- Work item -
Lines from the one with "Other units in" up to and including the one with "Cropped Cardigan_Loose Winter Knit" are to be copied exactly from the records below, without their pictures.

- Supplied data -
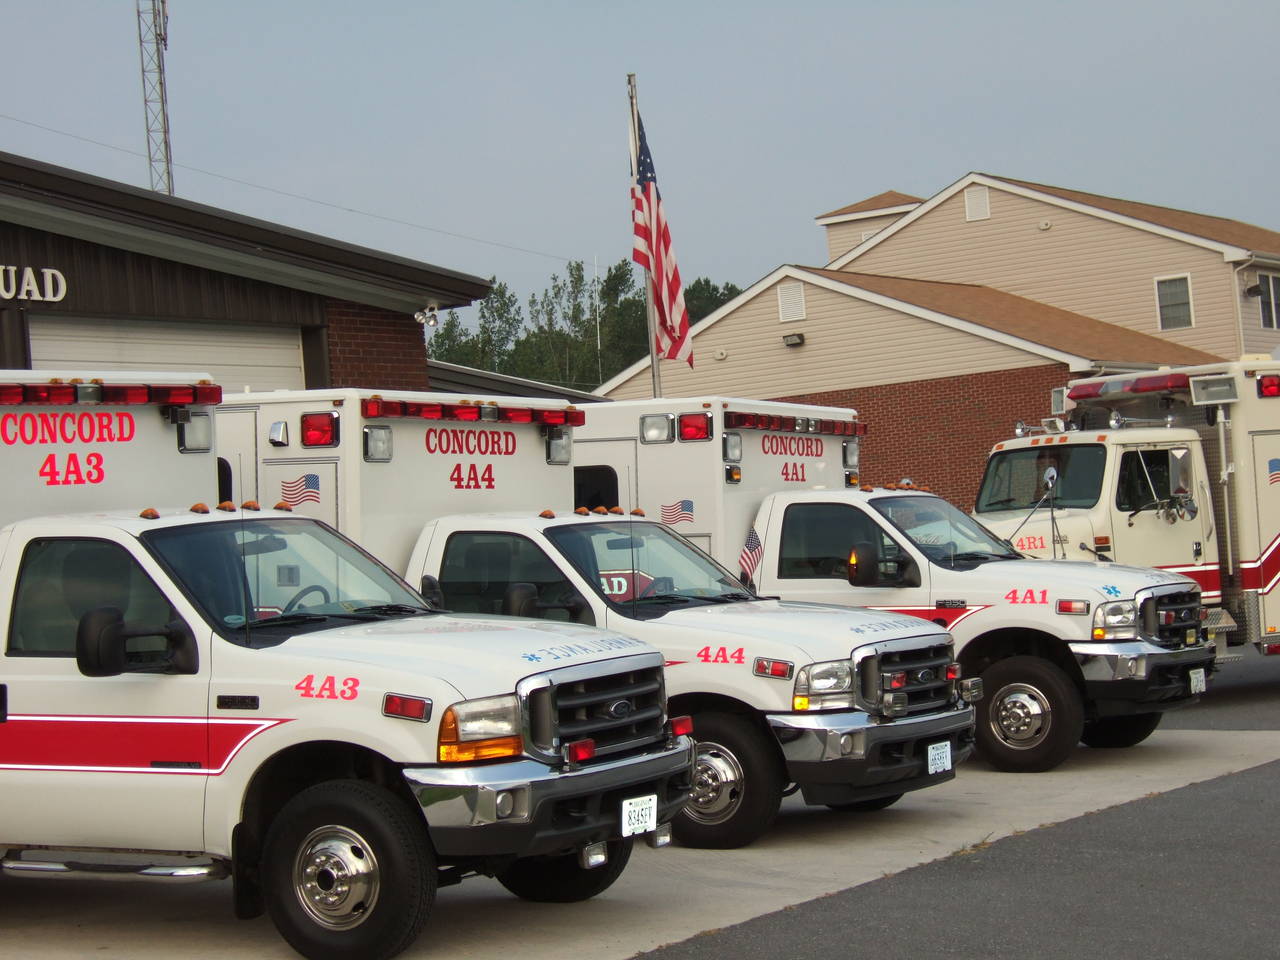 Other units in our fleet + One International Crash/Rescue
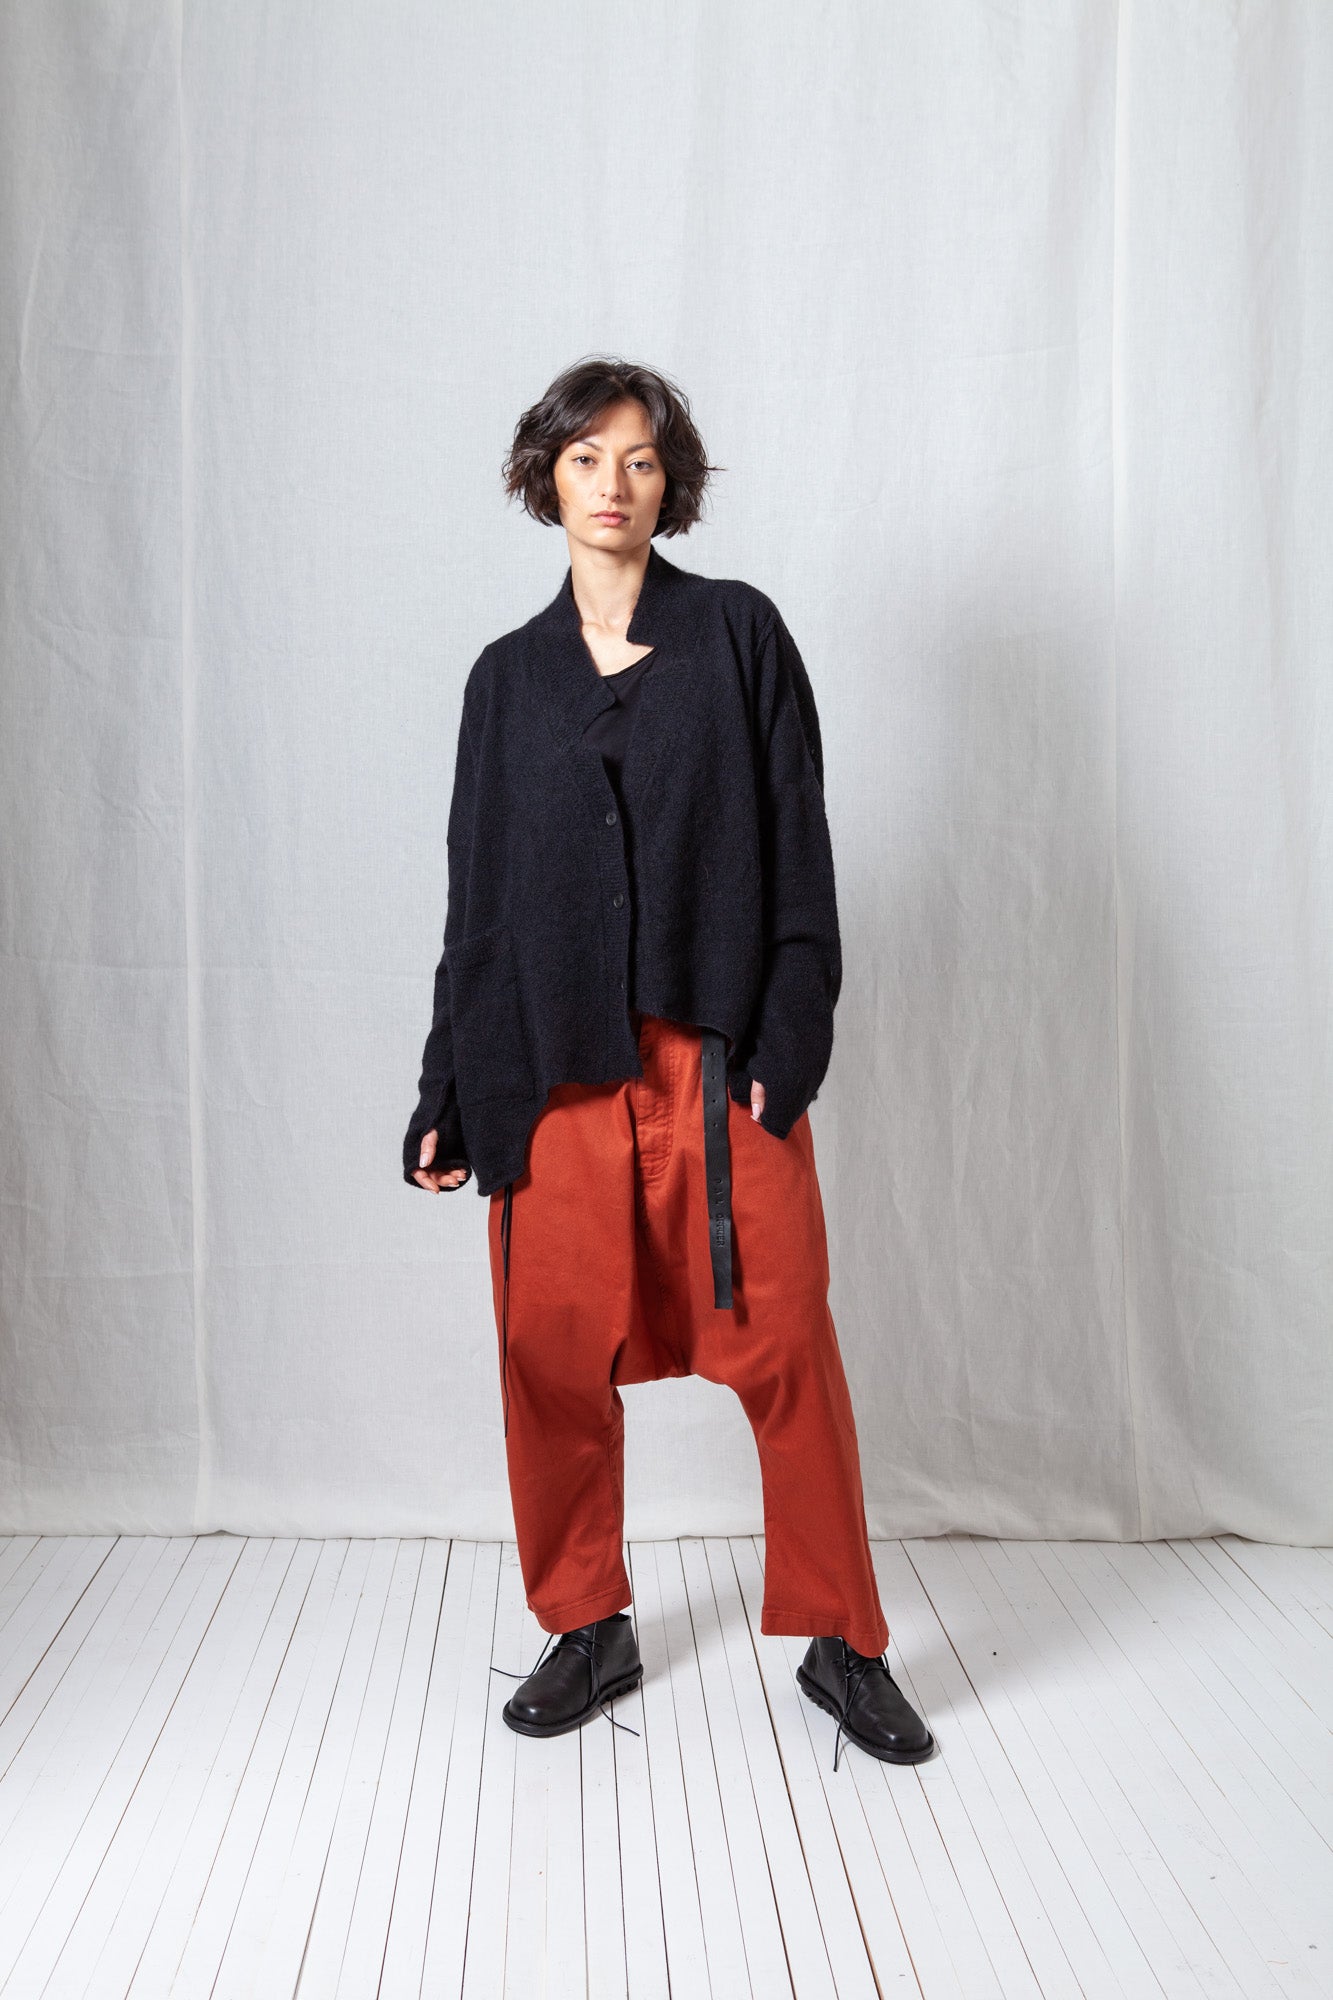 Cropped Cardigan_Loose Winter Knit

==

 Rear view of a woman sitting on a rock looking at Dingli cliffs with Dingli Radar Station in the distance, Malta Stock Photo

==

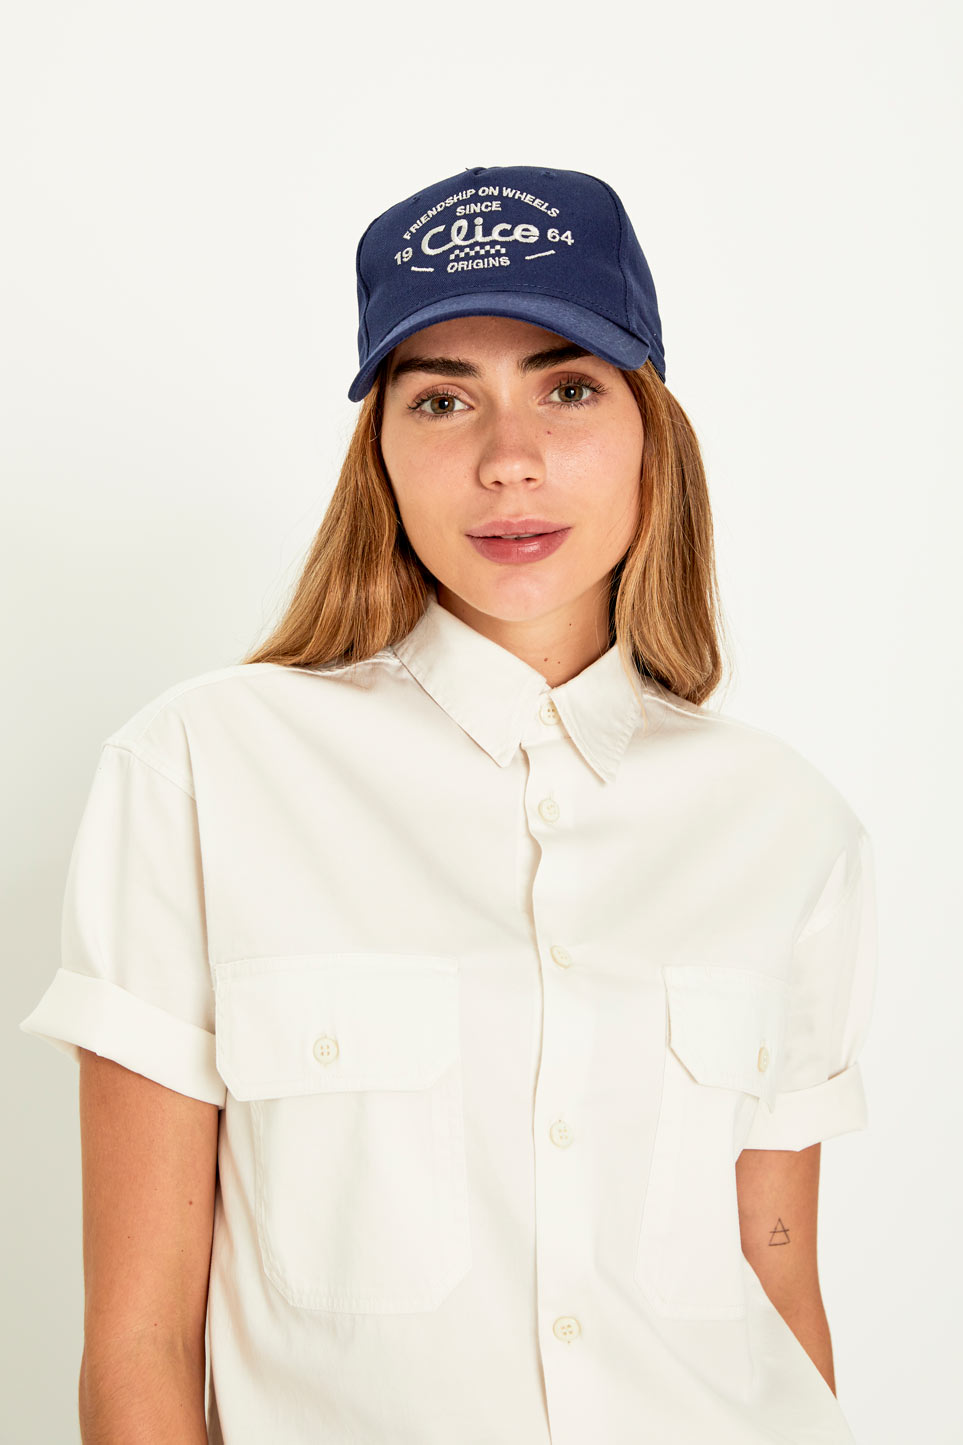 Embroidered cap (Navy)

- Expected answer -
 Other units in our fleet + One International Crash/Rescue
 Cropped Cardigan_Loose Winter Knit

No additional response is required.